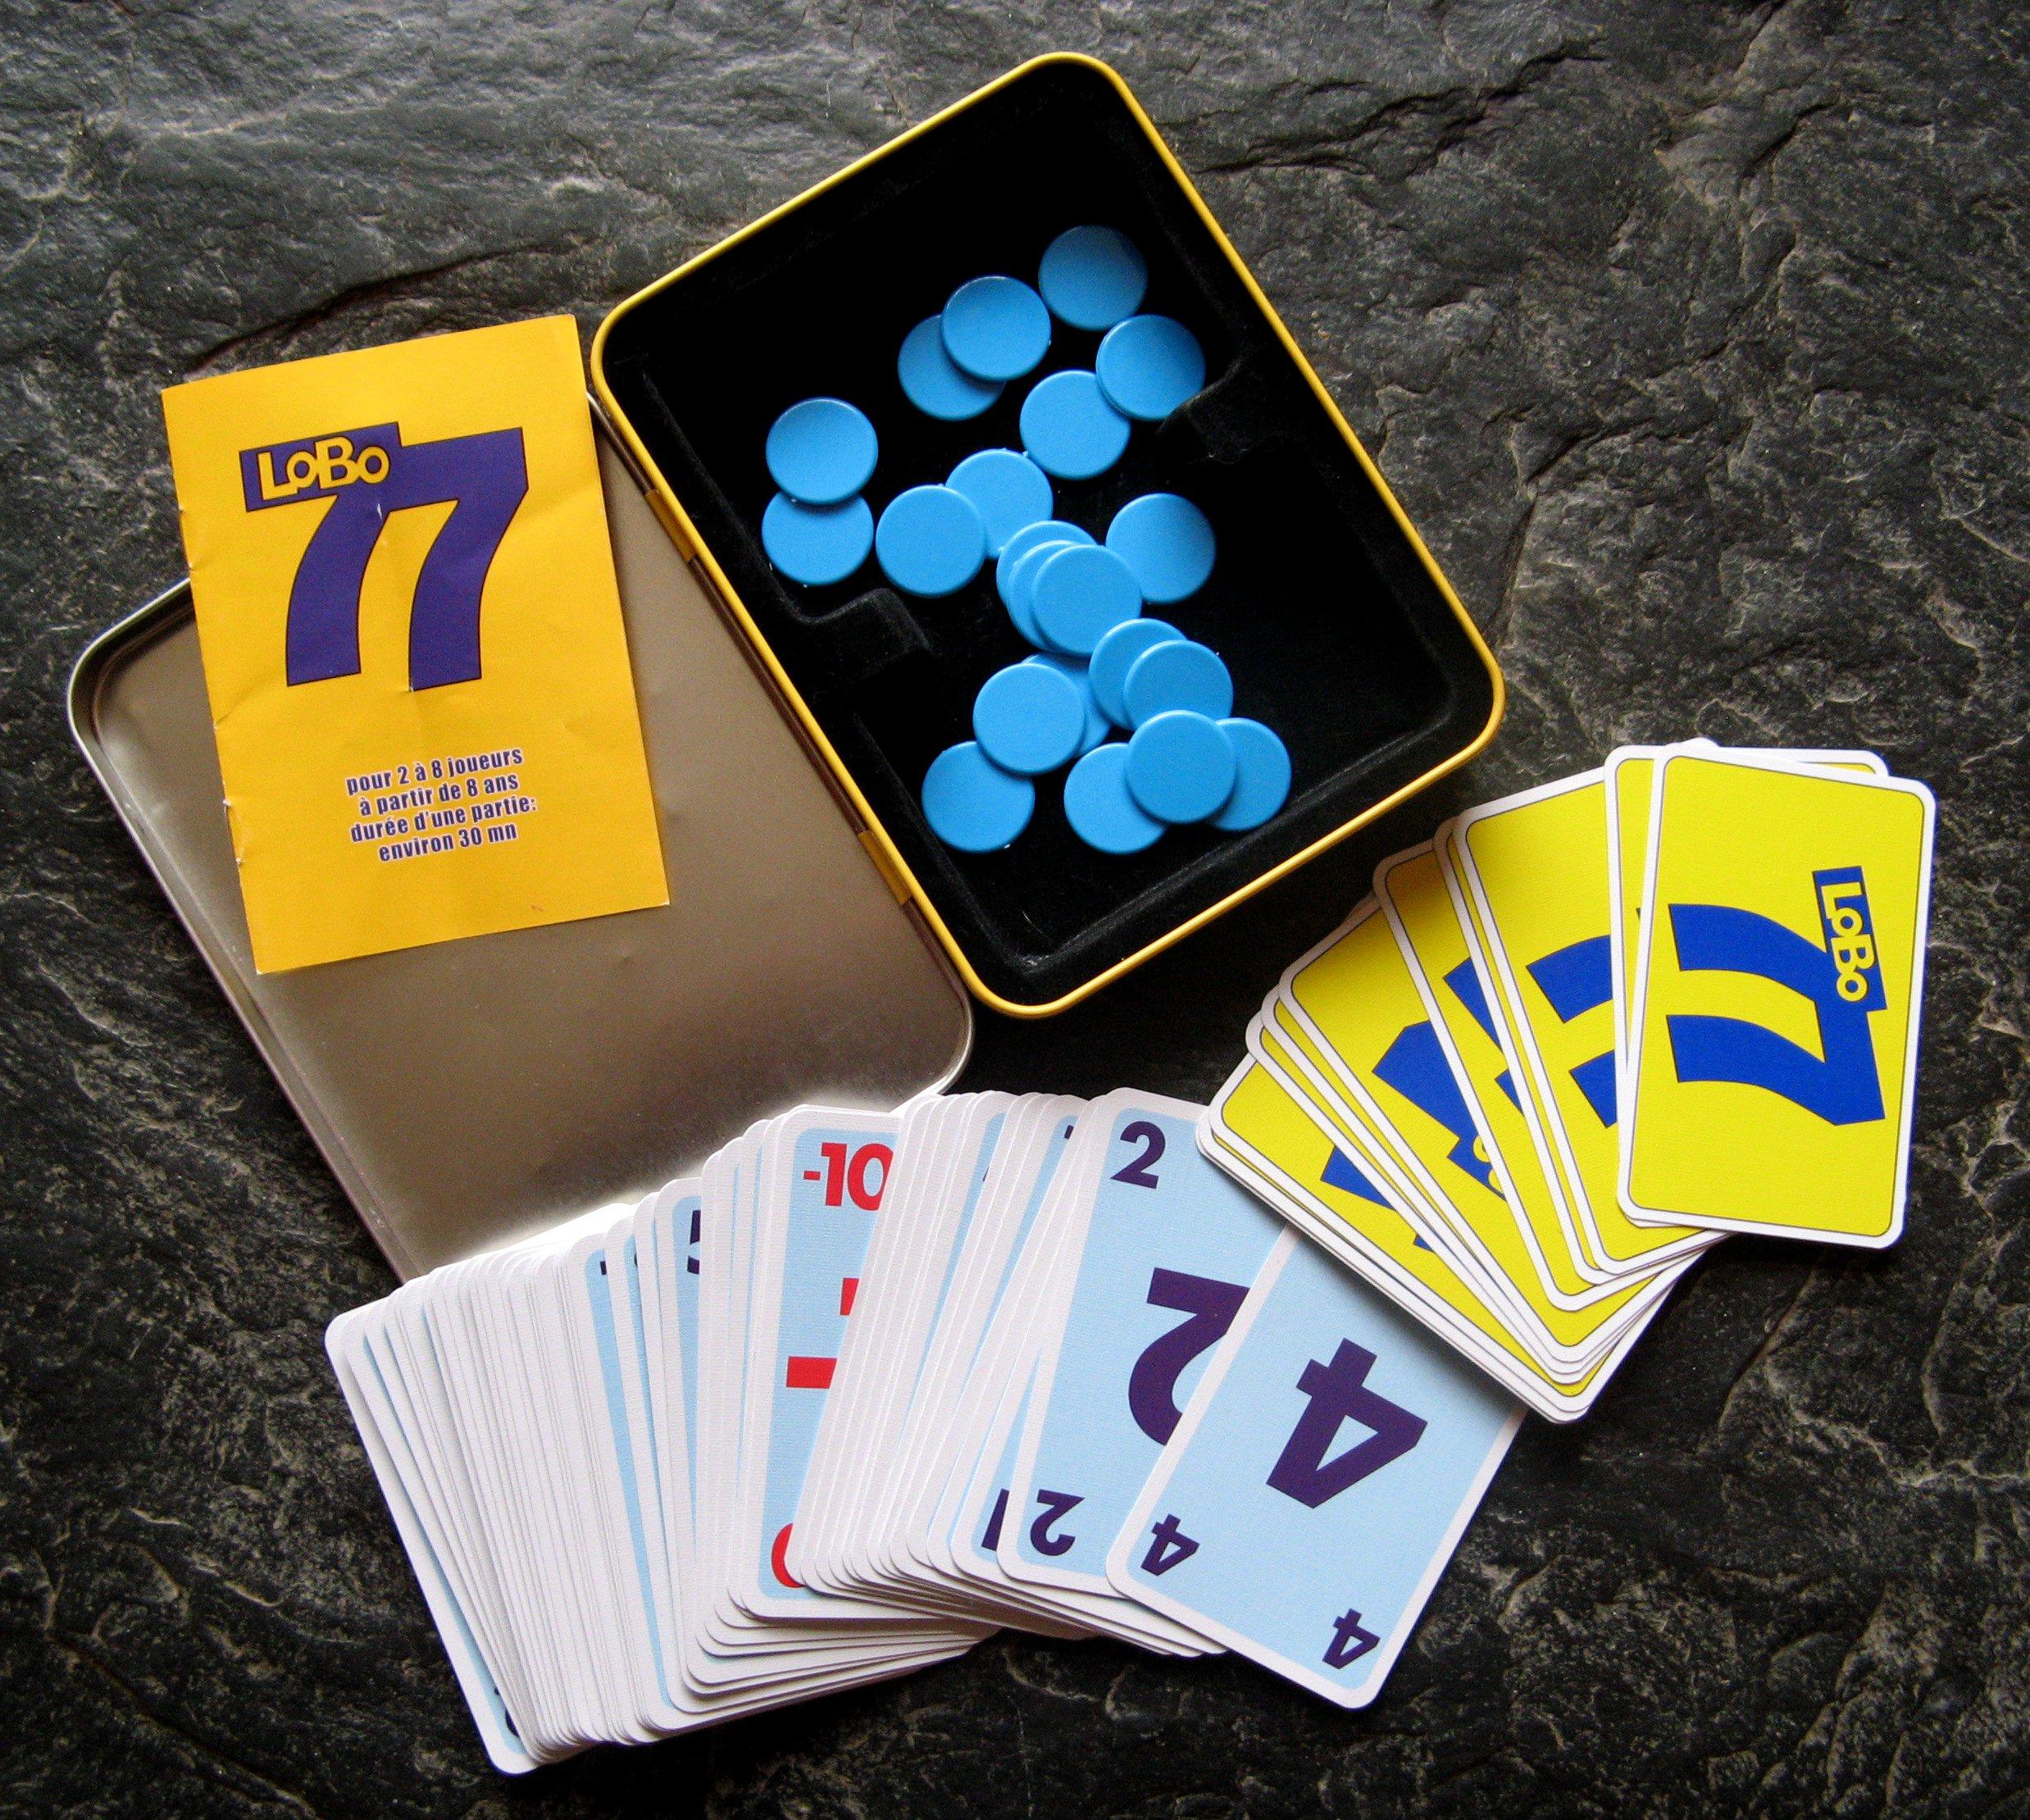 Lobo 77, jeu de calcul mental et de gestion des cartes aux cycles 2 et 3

● ● ● ●

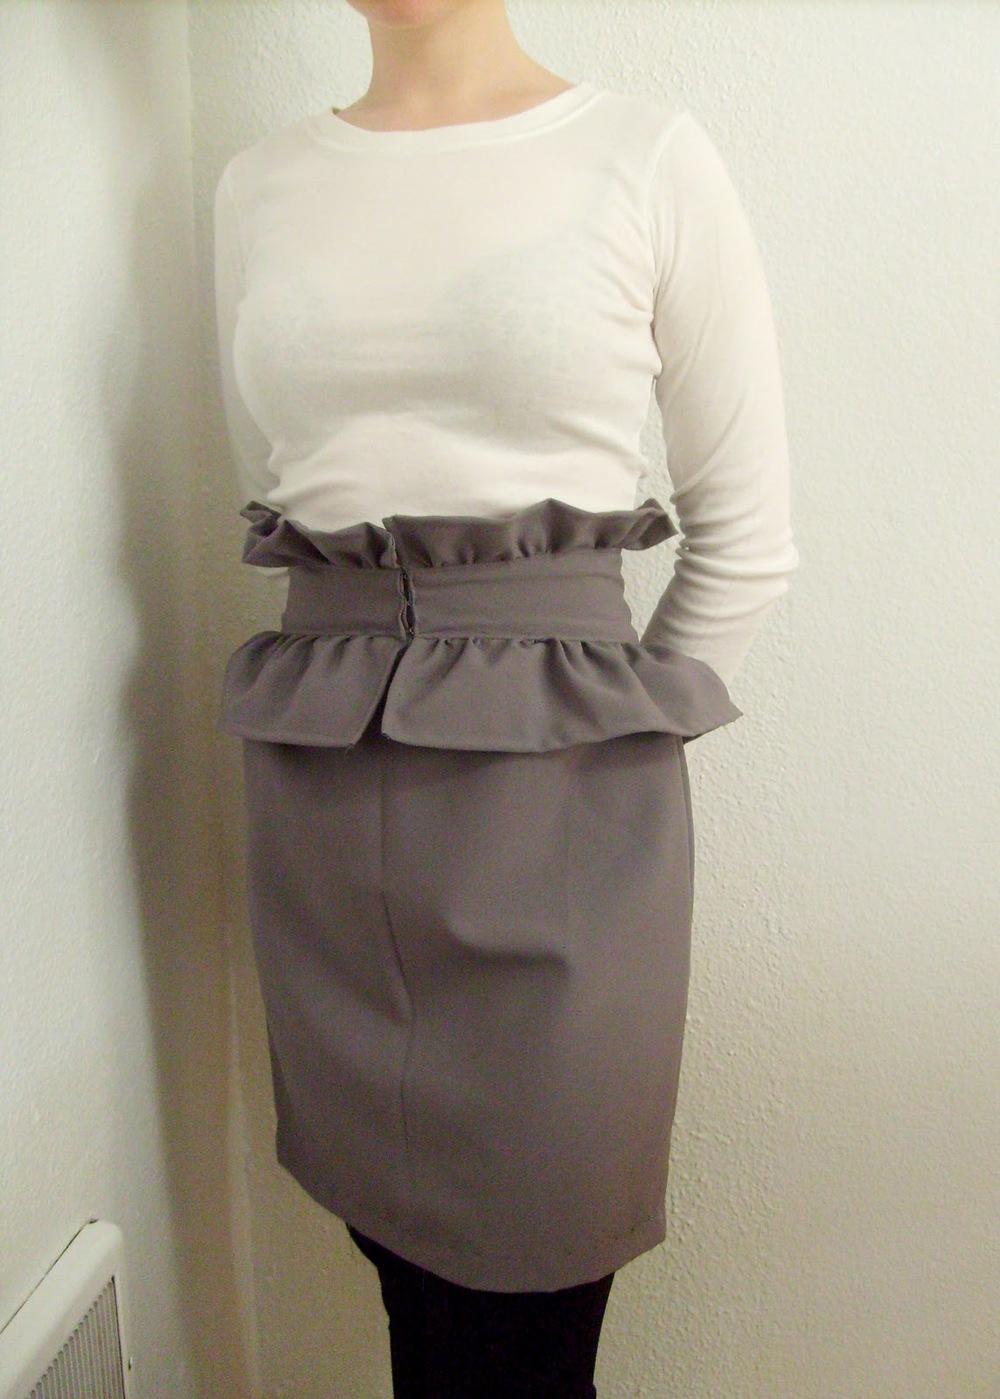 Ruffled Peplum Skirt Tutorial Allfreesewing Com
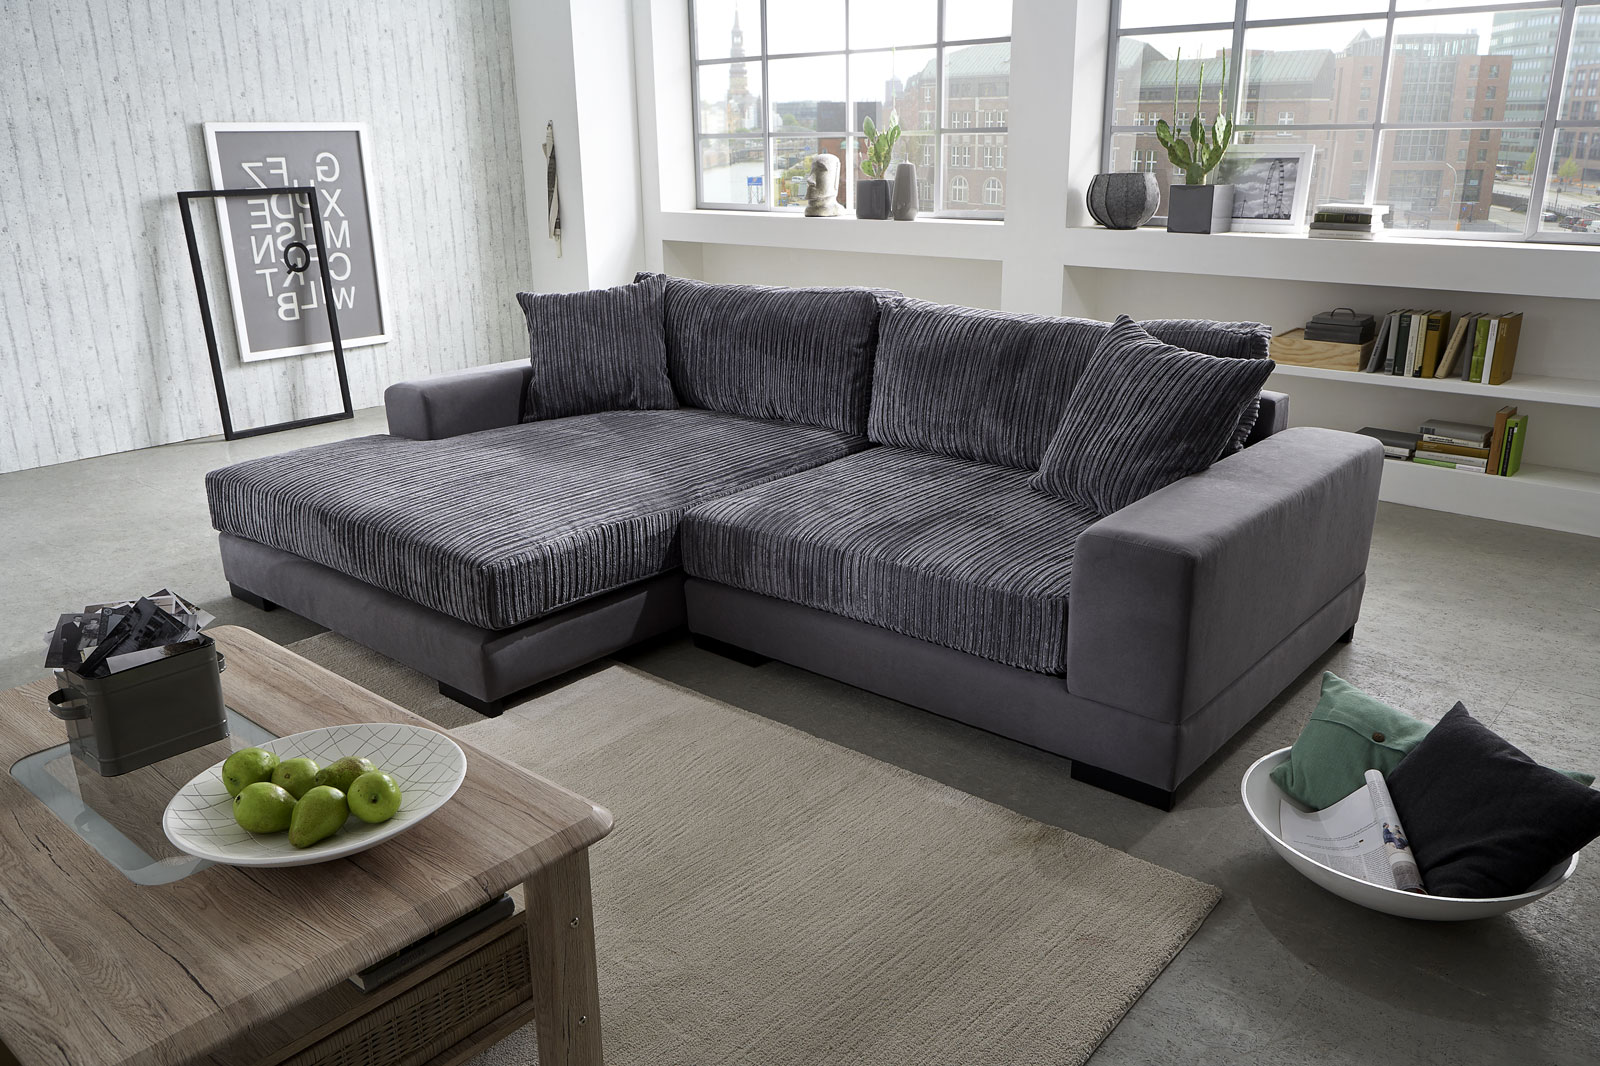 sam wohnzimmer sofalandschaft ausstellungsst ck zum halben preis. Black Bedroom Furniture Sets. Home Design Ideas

● ● ● ●

» How to complete this task
Among the entries above, copy exactly the stretch from the line holding "Ruffled Peplum Skirt" through the line holding "sam wohnzimmer sofalandschaft", leaving out any pictures.

» Answer below
 Ruffled Peplum Skirt Tutorial Allfreesewing Com
 sam wohnzimmer sofalandschaft ausstellungsst ck zum halben preis. Black Bedroom Furniture Sets. Home Design Ideas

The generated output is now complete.